- [Task to complete] Starting at the line with "Bad Witch Vibes", return every line through the final one of the data, word for word. Pictures stay out.

- [Given information]
━━━

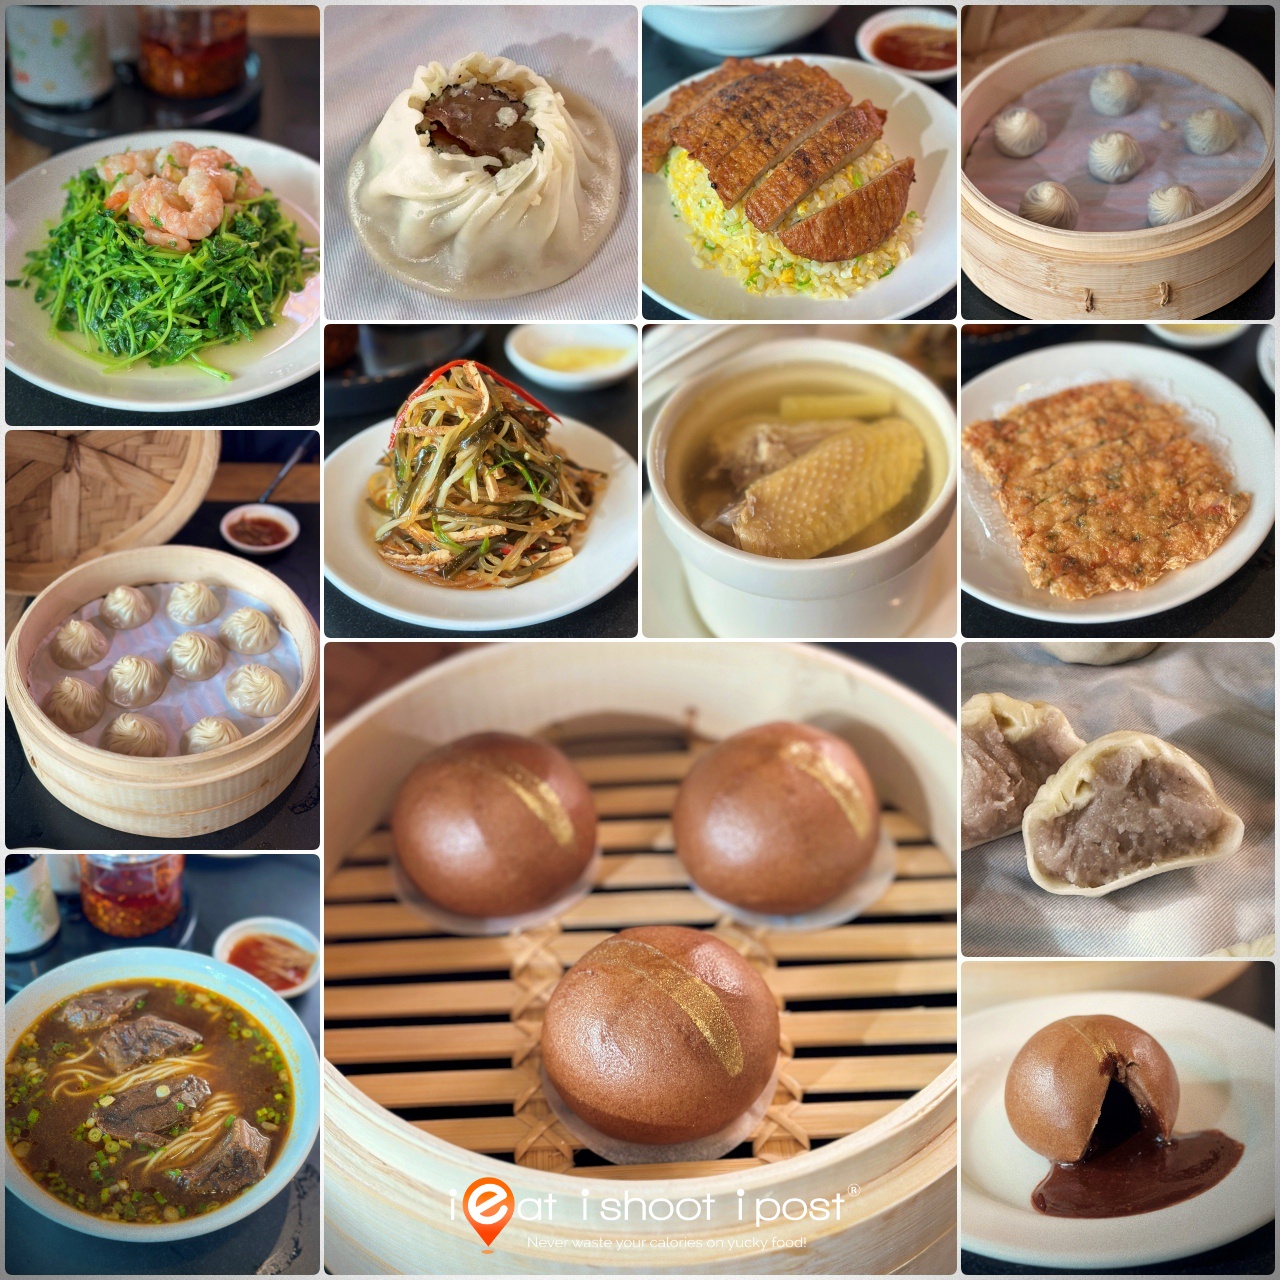 Din Tai Fung Top 10 Dishes and New Steamed Chocolate Lava Bun – Have You Tried Them All? featured image
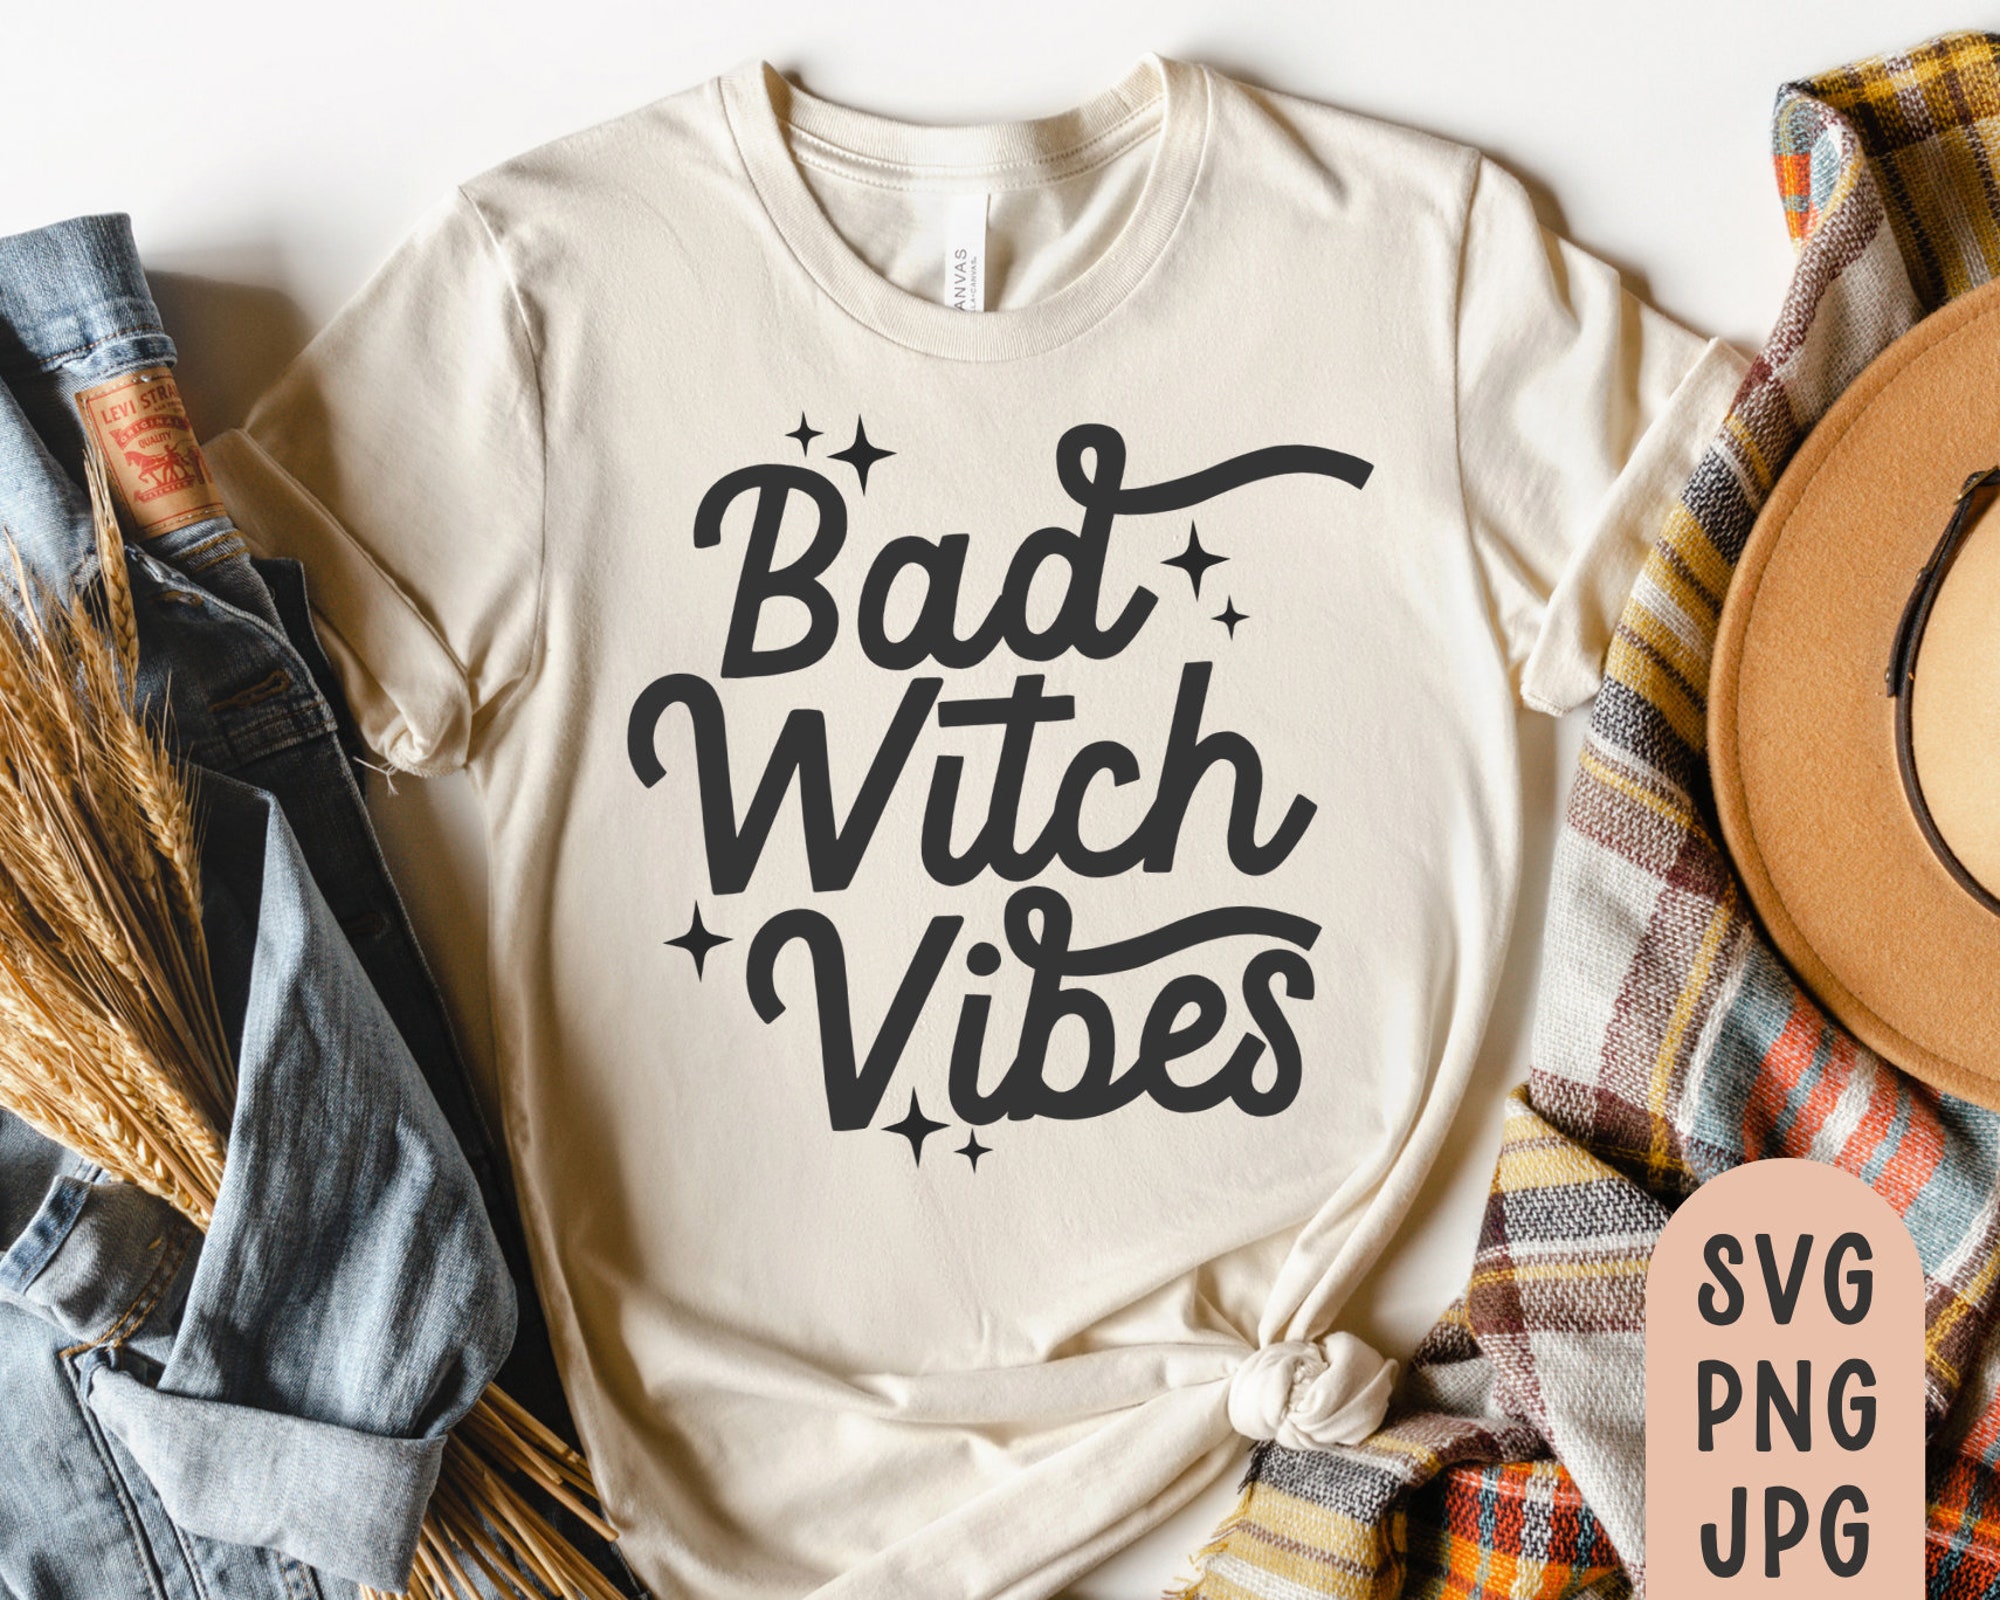 Bad Witch Vibes Svg, Witch Svg, Halloween Svg, Fall Svg, Autumn Svg, Bad Witch Club
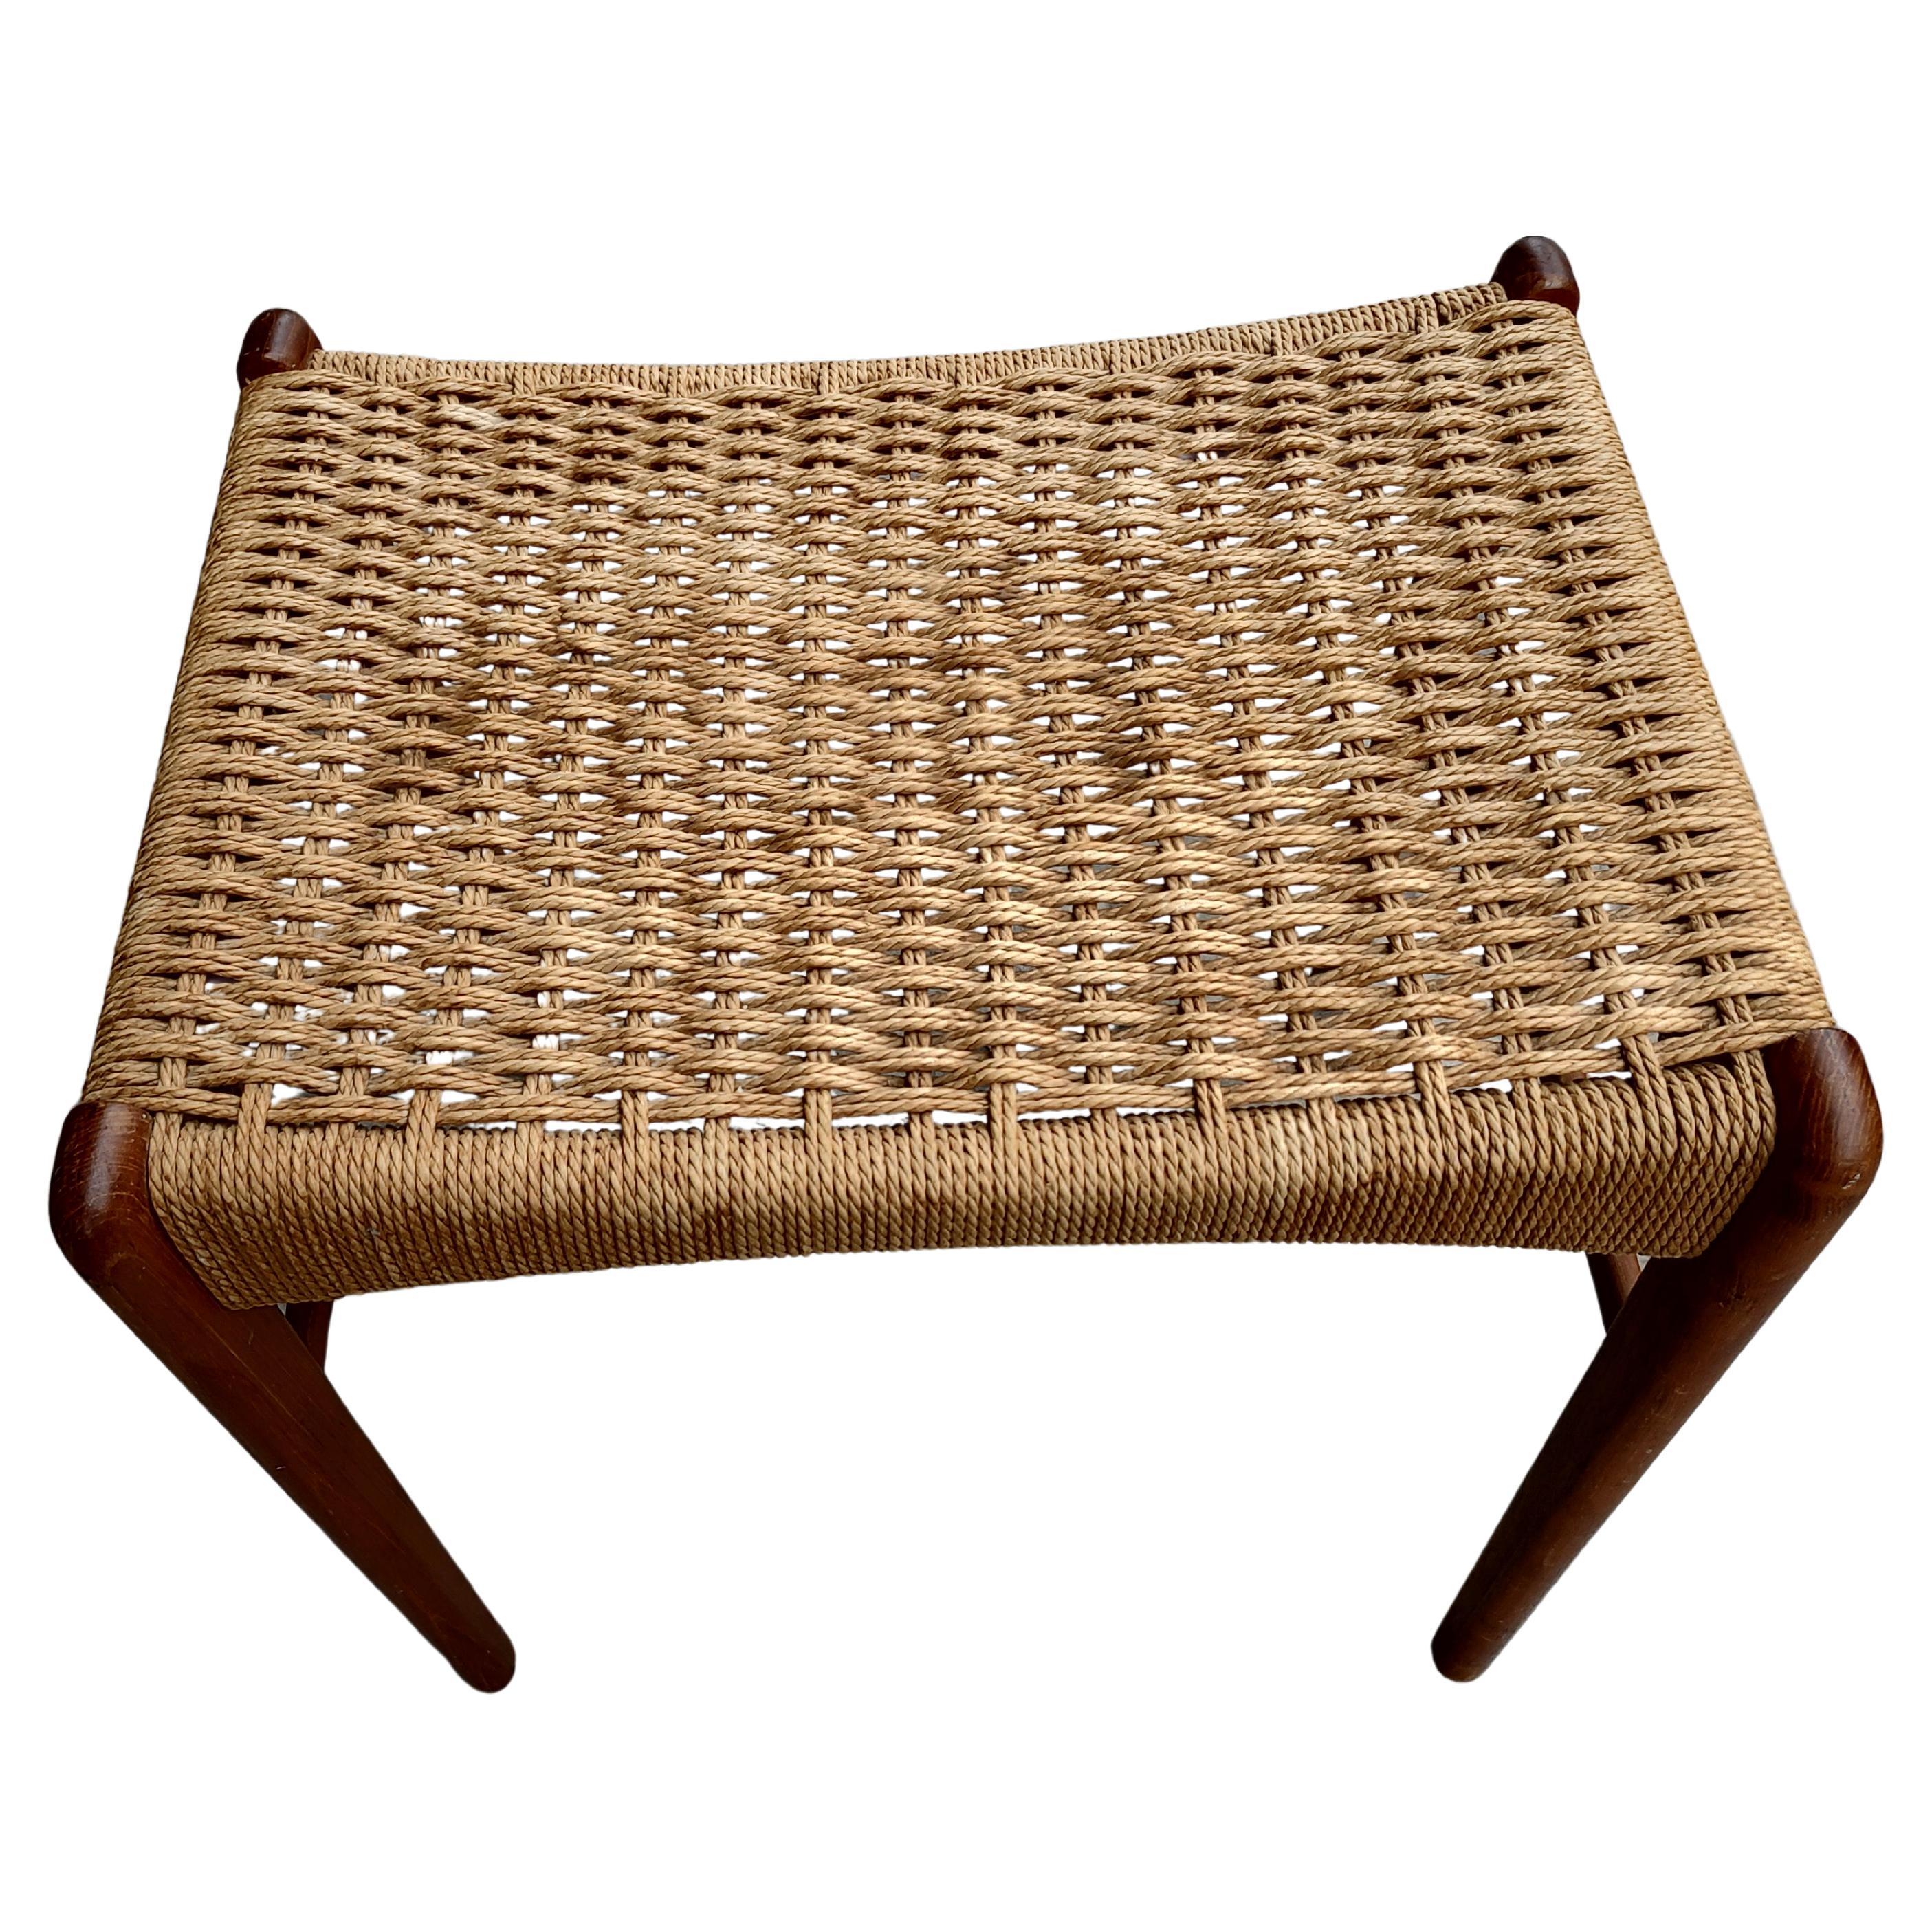 Fabulous footstool from Denmark with a teak frame and a woven papercord seat. In very good condition with some water stains on the seat.

━━━

- [Answer below]
 Bad Witch Vibes Svg, Witch Svg, Halloween Svg, Fall Svg, Autumn Svg, Bad Witch Club
 Fabulous footstool from Denmark with a teak frame and a woven papercord seat. In very good condition with some water stains on the seat.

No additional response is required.